Tom Katene
- Full name: Thomas Katene
- Date of birth: 14 August 1929
- Place of birth: Okaiawa, New Zealand
- Date of death: 6 June 1992 (aged 62)
- Place of death: Auckland, New Zealand
- Height: 1.75 m (5 ft 9 in)
- Weight: 89 kg (196 lb)

Rugby union career
- Position(s): Wing

International career
- Years: Team / Apps / (Points)
- 1955: New Zealand / 1 / (0)

= Tom Katene =

New Zealand rugby union player

Thomas Katene (14 August 1929 – 6 June 1992) was a New Zealand rugby union international.

Born in Okaiawa, Taranaki, Katene was educated at Matapu School.

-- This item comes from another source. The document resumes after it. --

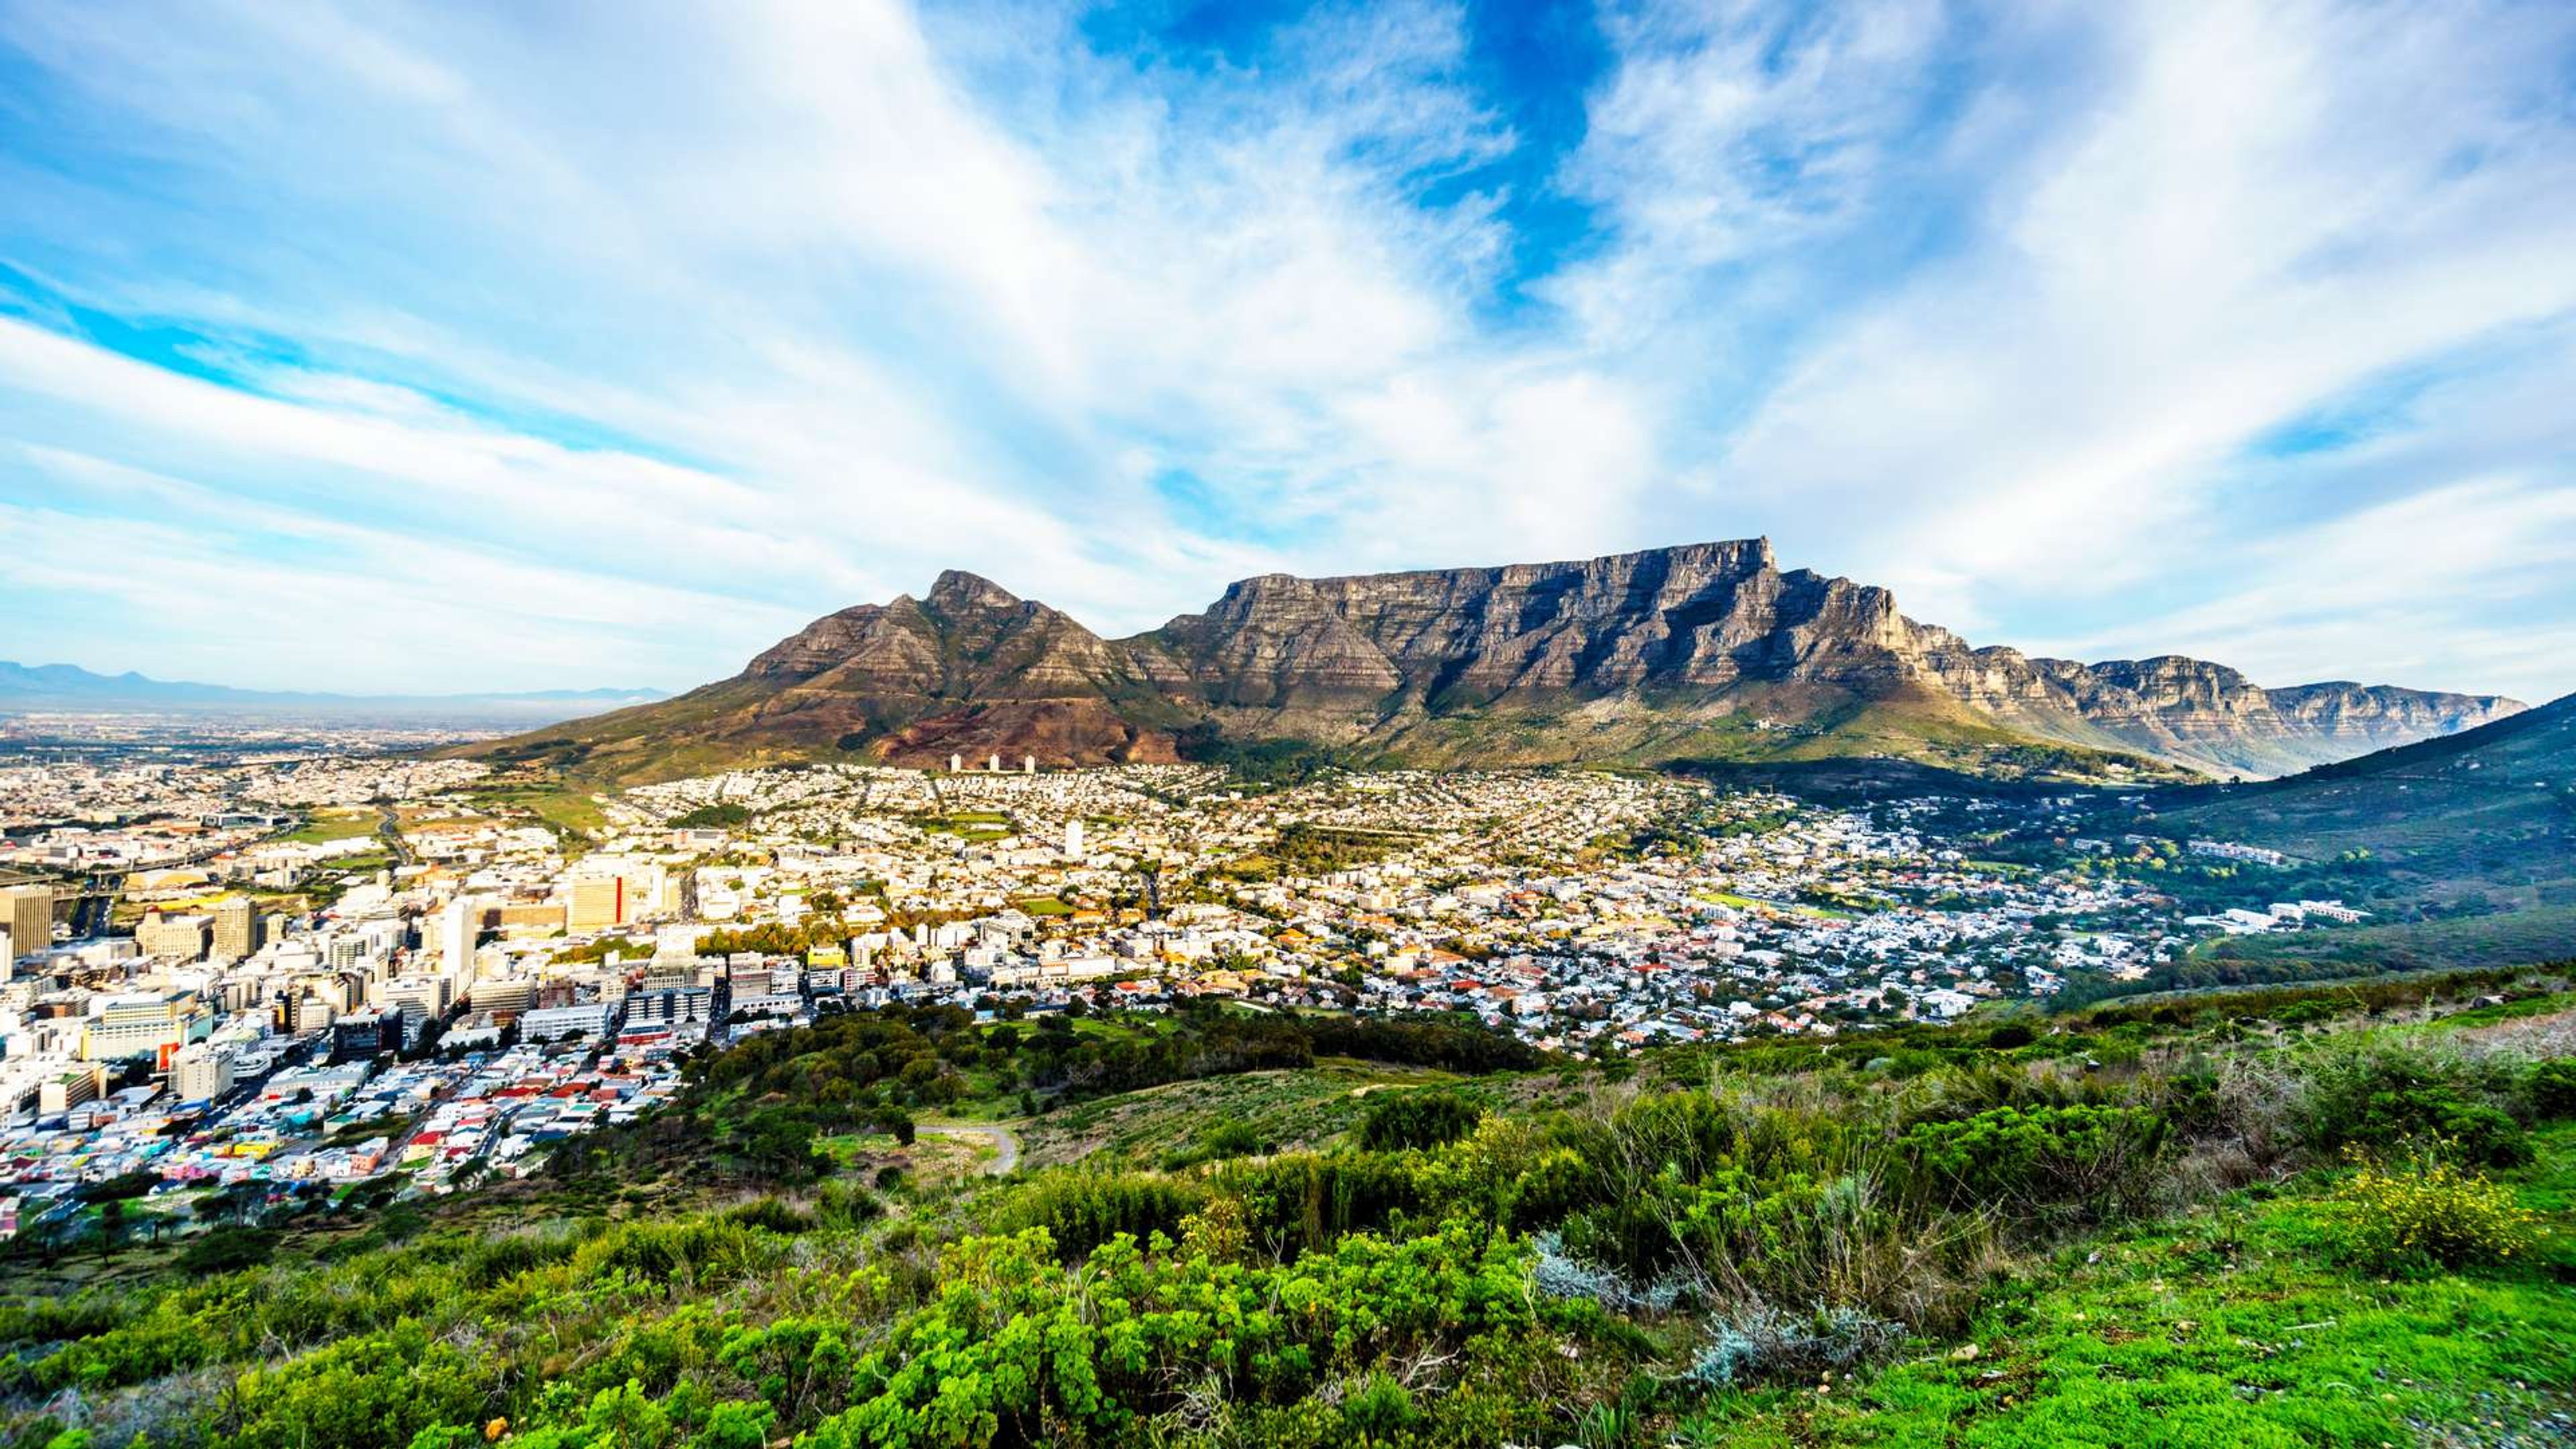 Zuid Afrika Kaapstad Table Mountain, Devils Peak, Lions Head and the Twelve Apostle

Katene was a strongly built wing three-quarter and played his early representative rugby for King Country. He joined Petone in 1955 and formed a successful wing partnership in the Wellington team with Ron Jarden. Capped once for the All Blacks, Katene played the 2nd Test of the 1955 Bledisloe Cup series against the Wallabies at Carisbrook. He also played representative rugby for New Zealand Māori and North Island during his career.

In 1989, Katene was found guilty on 25 false pretence charges and received an 18-month jail sentence.